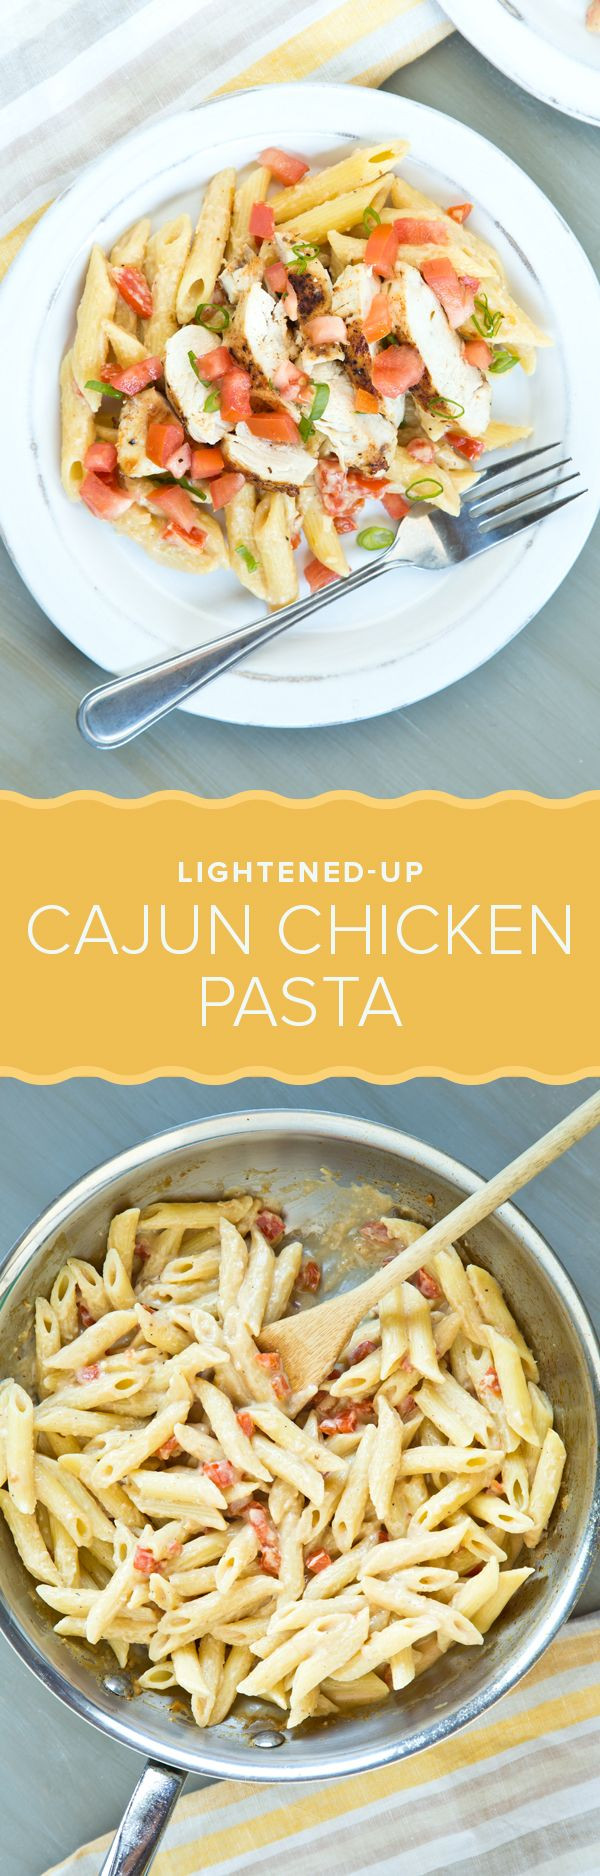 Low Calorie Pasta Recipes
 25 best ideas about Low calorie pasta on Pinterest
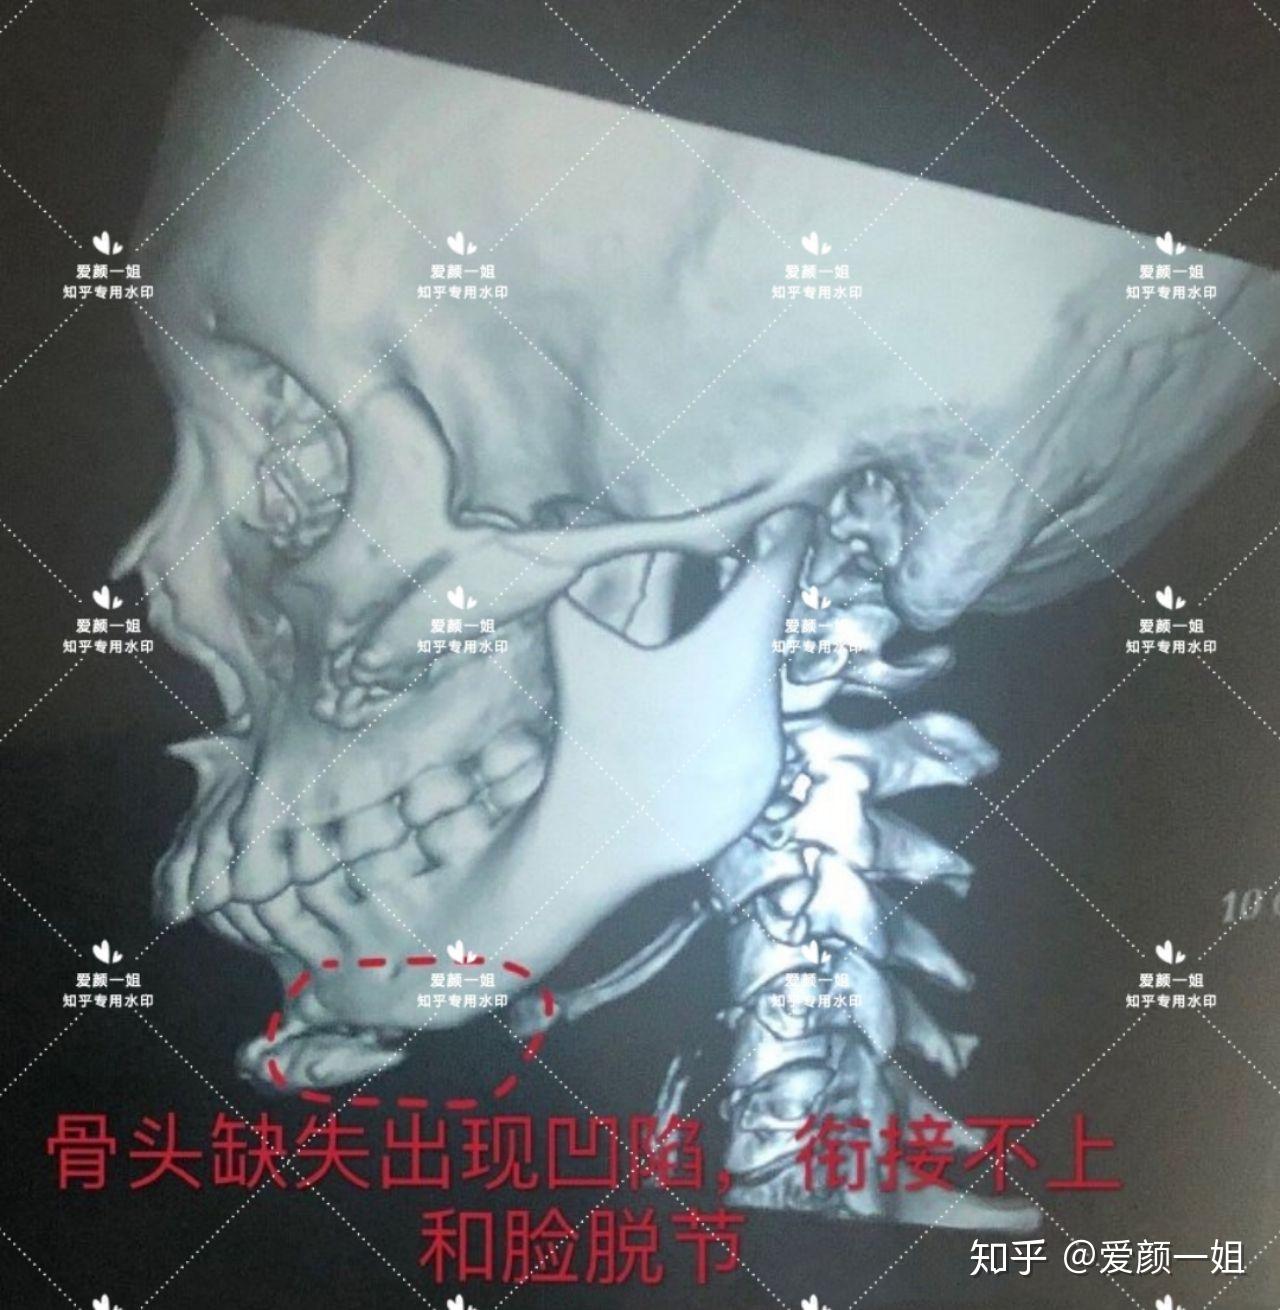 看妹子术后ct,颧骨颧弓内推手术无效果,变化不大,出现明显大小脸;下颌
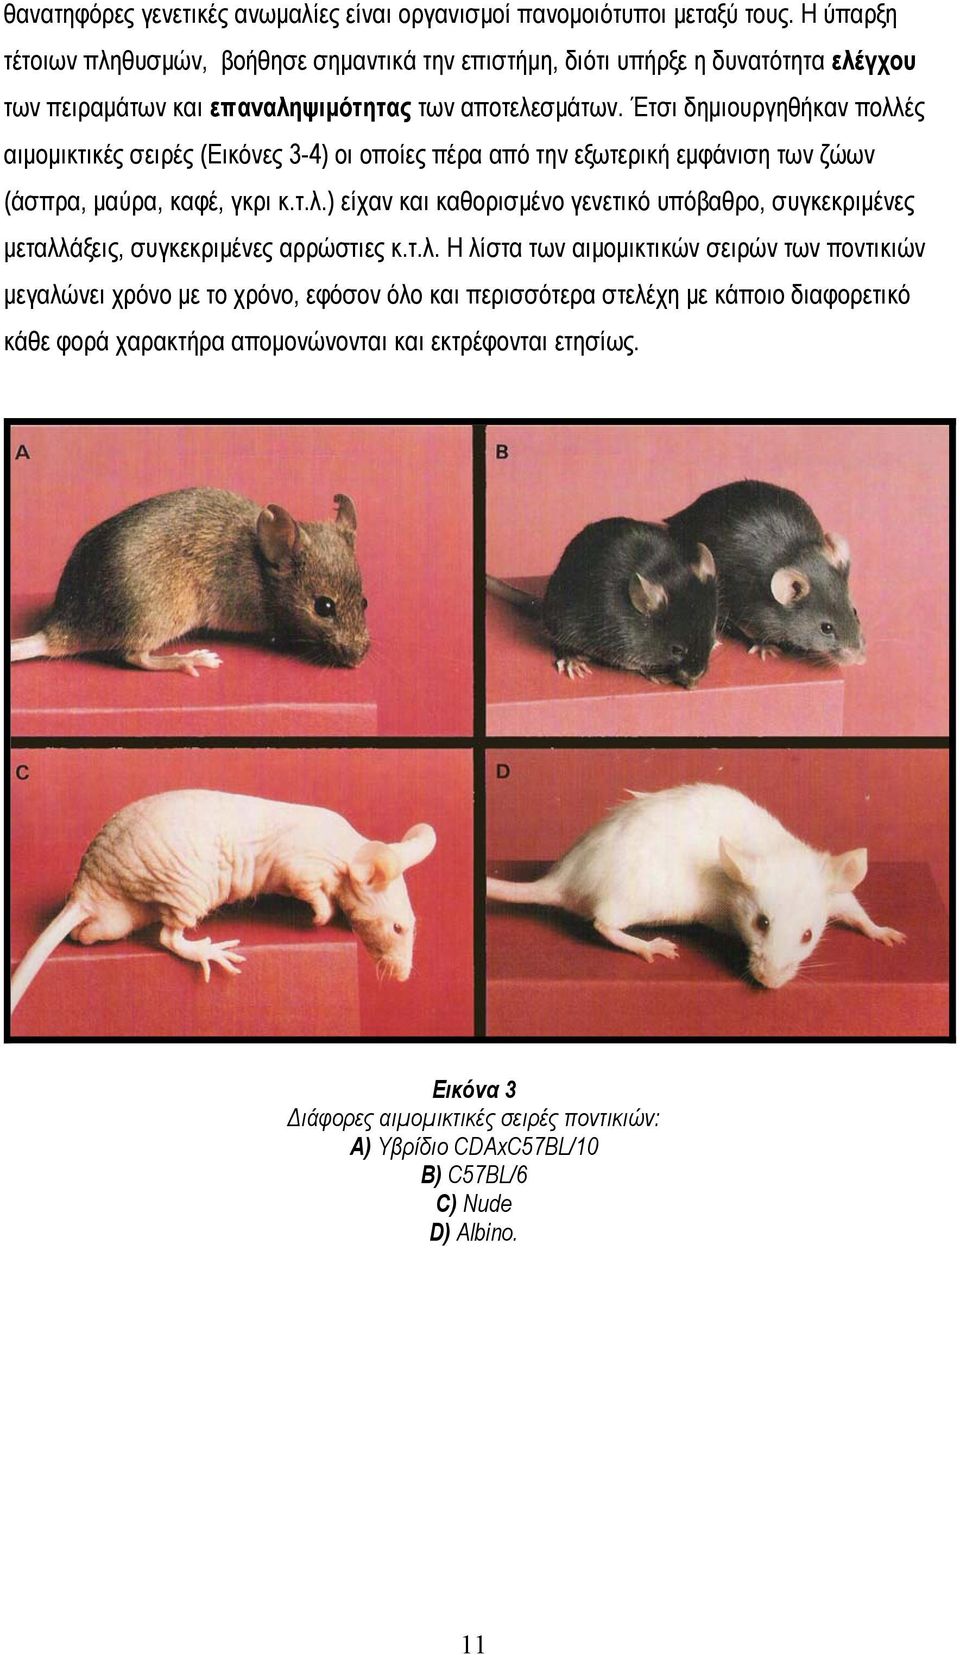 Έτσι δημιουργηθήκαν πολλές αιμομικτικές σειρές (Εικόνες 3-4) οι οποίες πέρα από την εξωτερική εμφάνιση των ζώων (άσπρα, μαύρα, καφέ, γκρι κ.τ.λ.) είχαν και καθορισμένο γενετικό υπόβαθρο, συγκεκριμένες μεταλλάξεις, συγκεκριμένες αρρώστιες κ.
━━━━━━━━
#### What is required:
With the pictures left out, give again exactly the lines from the one with "25 best ideas" through the end of the data, both included.

#### Finished task:
 25 best ideas about Low calorie pasta on Pinterest
 看妹子术后ct,颧骨颧弓内推手术无效果,变化不大,出现明显大小脸;下颌
 Έτσι δημιουργηθήκαν πολλές αιμομικτικές σειρές (Εικόνες 3-4) οι οποίες πέρα από την εξωτερική εμφάνιση των ζώων (άσπρα, μαύρα, καφέ, γκρι κ.τ.λ.) είχαν και καθορισμένο γενετικό υπόβαθρο, συγκεκριμένες μεταλλάξεις, συγκεκριμένες αρρώστιες κ.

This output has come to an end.